The Pseudo-Reachability Problem for Diagonalisable Linear Dynamical Systems

TL;DR

This paper investigates pseudo-reachability in diagonalisable linear dynamical systems, establishing decidability results for discrete and continuous-time cases using o-minimality and reductions to classical problems.

Contribution

It proves decidability of discrete-time pseudo-reachability with semialgebraic targets and reduces continuous-time pseudo-reachability to classical time-bounded reachability.

Findings

Decidability of discrete-time pseudo-reachability for diagonalisable systems.

Reduction of continuous-time pseudo-reachability to classical time-bounded reachability.

Application of o-minimality to reachability problems.

Abstract

We study fundamental reachability problems on pseudo-orbits of linear dynamical systems.
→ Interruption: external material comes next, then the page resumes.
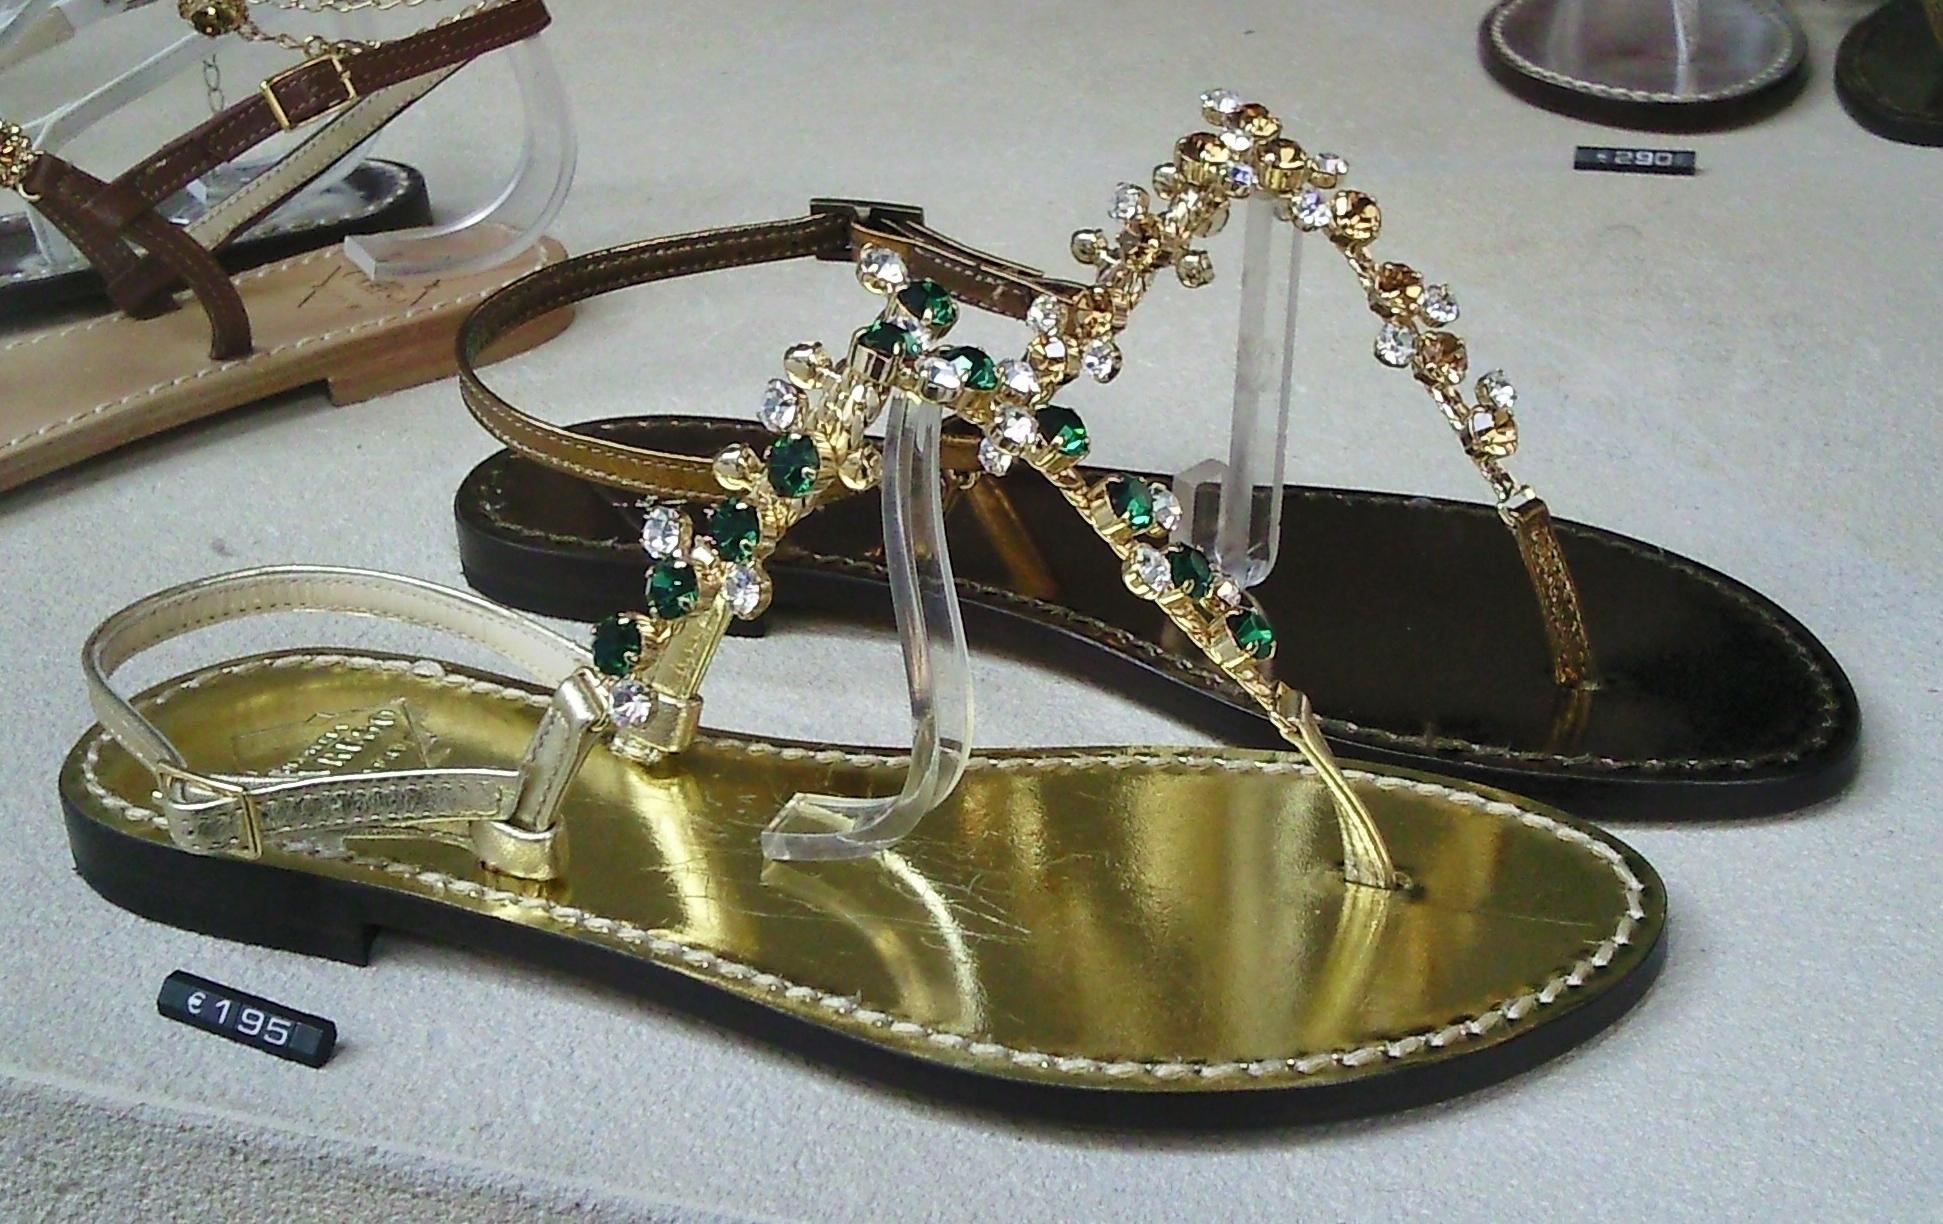 Emanuela Caruso flat sandals – The Fashion Cat 58822e0457e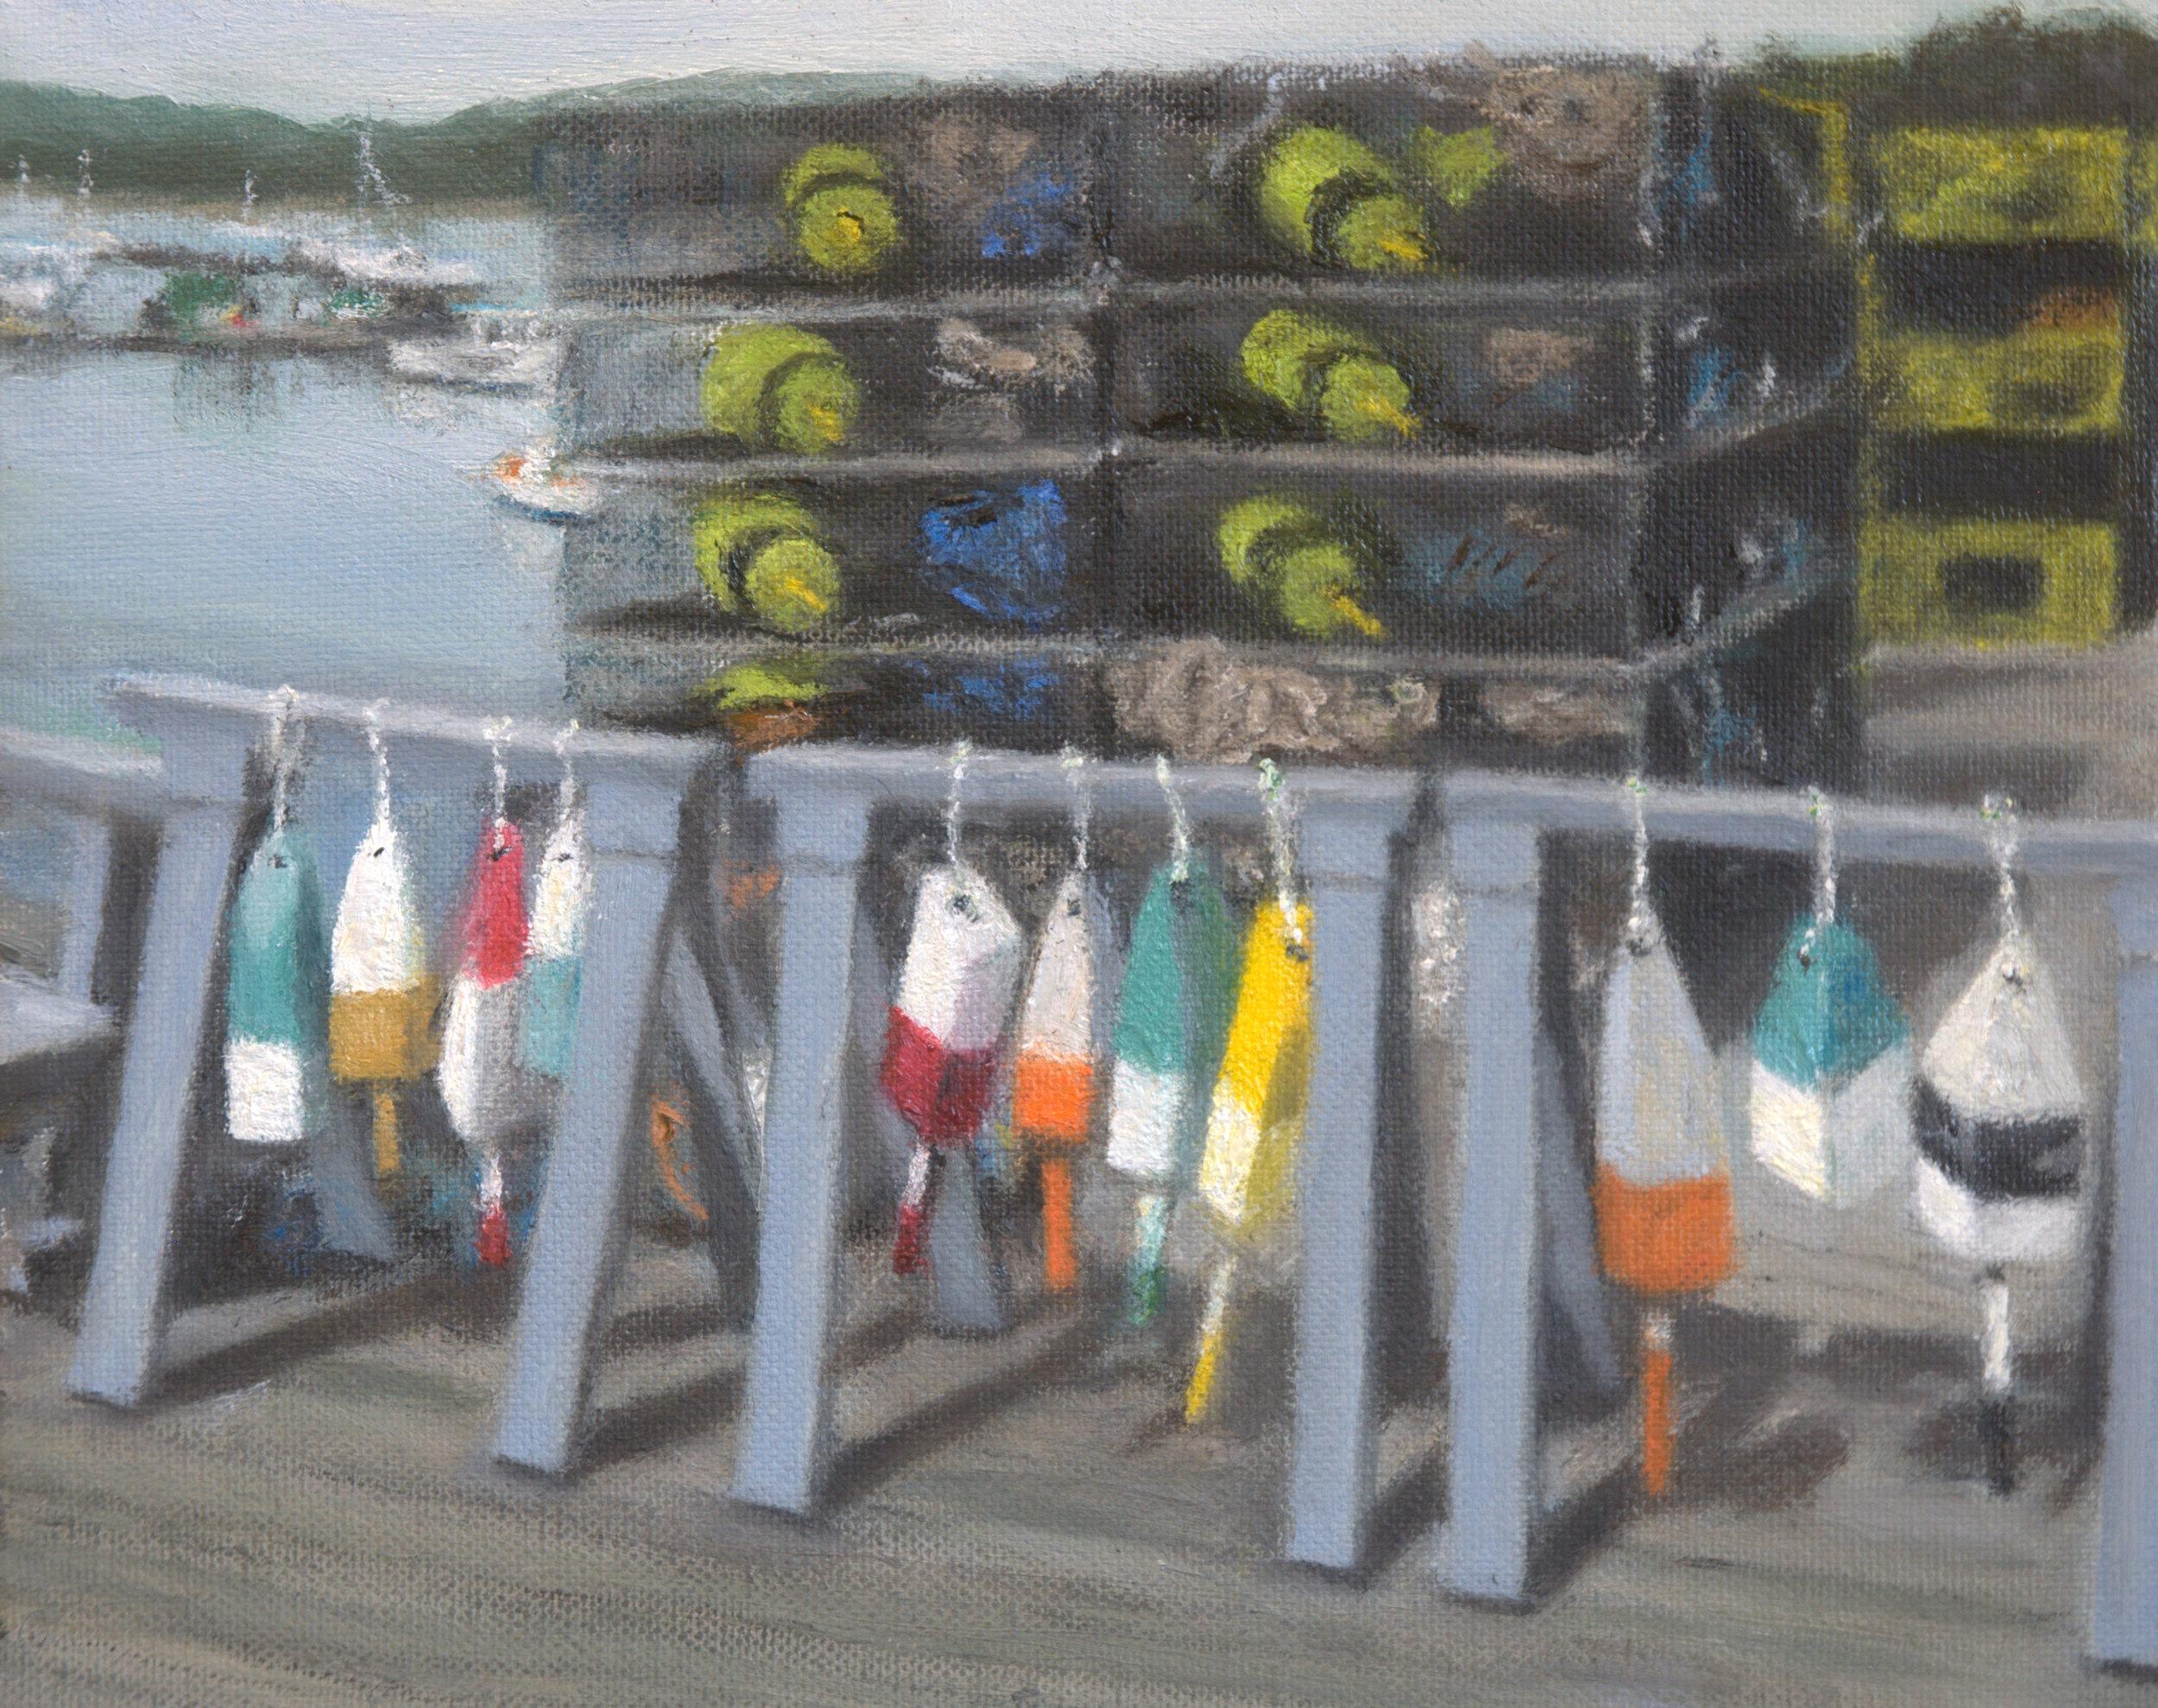 Buoys on the Dock

Pseudo-orbits can be viewed as a model of computation with limited precision and pseudo-reachability can be thought of as a robust version of classical reachability. Using an approach based on $o$-minimality of $\reals_{\exp}$ we prove decidability of the discrete-time pseudo-reachability problem with arbitrary semialgebraic targets for diagonalisable linear dynamical systems. We also show that our method can be used to reduce the continuous-time pseudo-reachability problem to the (classical) time-bounded reachability problem, which is known to be conditionally decidable.